Darwin is one of my “great men,” to borrow Emerson’s phrase (along with John Muir), and I have a series of photographs on my study wall showing him as a young man on the Beagle, as a middle-aged man in his own study with Lyell and Hooker, and finally the old, black-caped figure looking somberly upon the world. I like his modesty. This from his Autobiography: “My success as a man of science, whatever this may have amounted to, has been determined, as far as I can judge, by complex and diversified mental qualities and conditions. Of these, the most important have been—the love of science—unbounded patience in long reflecting over any subject—industry in observing and collecting facts—and a fair share of invention as well as of common sense. With such modest abilities as I possess, it is truly surprising that I should have influenced to a considerable extent the belief of scientific men on some important points.”
So genuinely modest was Darwin that his fame during his lifetime always puzzled him. In one of his rare trips from his home at Downs into London, he attended a lecture by B.W. Richardson to the Royal Institution at St.
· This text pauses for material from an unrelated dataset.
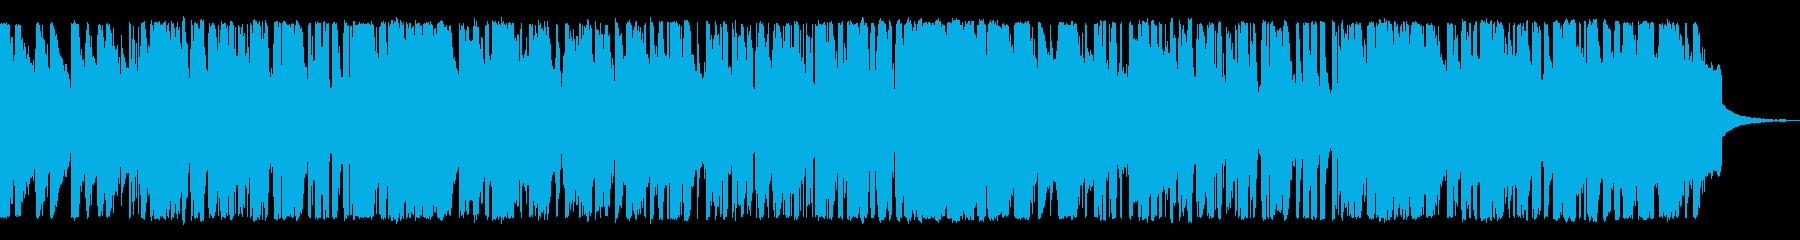 レイジー、ジャズ、ピアノ、トランペットの再生済みの波形

George’s Hall in October of 1882. As the old man hobbled into the room, “the whole assembly rose to their feet to welcome him.” Darwin was bewildered, “scarcely conscious that such an outburst of applause could possibly be intended for himself.”
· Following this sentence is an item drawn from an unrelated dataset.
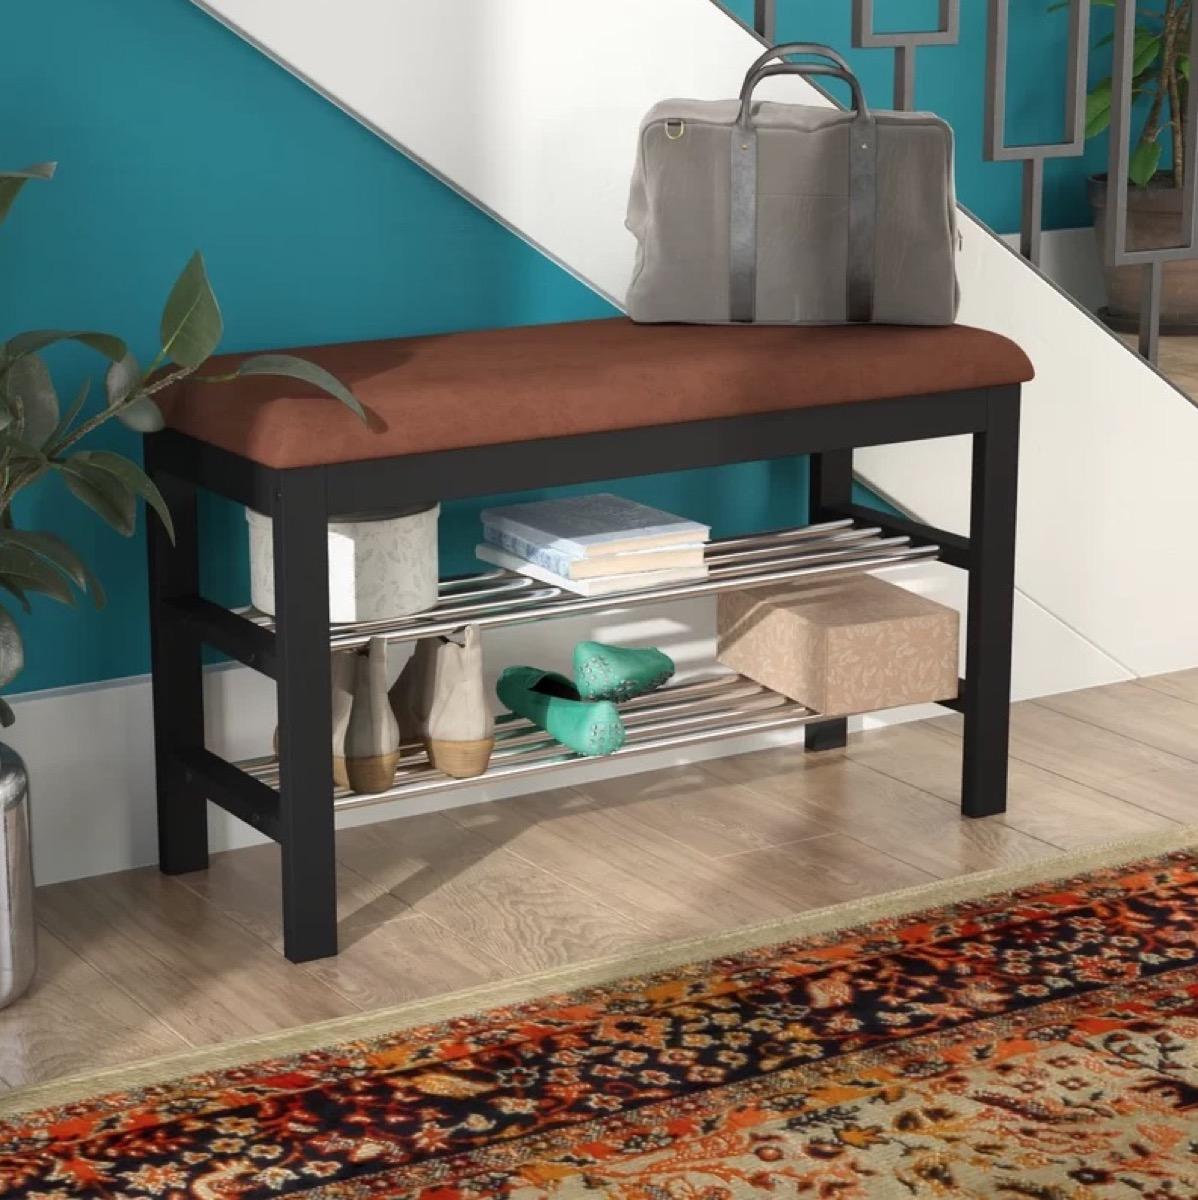 Wayfair Bench with Shoe Storage Storage Furniture

All Darwin accomplished—his co-discovery with Wallace of the processes generating evolutionary change, his seminal monograph on the taxonomy of barnacles, his ground-breaking work on heterostyly in flowers, on pollination in orchids, on the role of earthworms in soil science—all this was achieved despite a debilitating illness (Chagas disease from South America on the Beagle?) which laid him low for weeks and months on end, scarcely able to get out of his bed, beset by dizzyness and vomiting. Yet he soldiered on, and changed the world.
We share some things in our personal lives, Darwin and myself. He loved “scenery” throughout his life, from his adventures throughout South America on “shore-leave” from the Beagle, to jaunts around England and Wales, such as his health permitted. I indulge in something of the same love, in my trips to sacred mountains in China and my backpacking in the Sierra Nevada high country. Like me, Darwin was a devoted family man, playing an active and large part in the lives of his six sons and three daughters, always ready with a quip and a shared game. He lost his beloved daughter Annie to a fever when she was ten, just as I lost my beloved daughter Holly to cancer when she was twenty-three, watershed events in both our personal lives.
So today I pause, think fondly of a great man, and how he has enriched not just our understanding of our world and how we humans are an integral part of it, but how he has enriched my own life. Happy birthday, Mr. Darwin.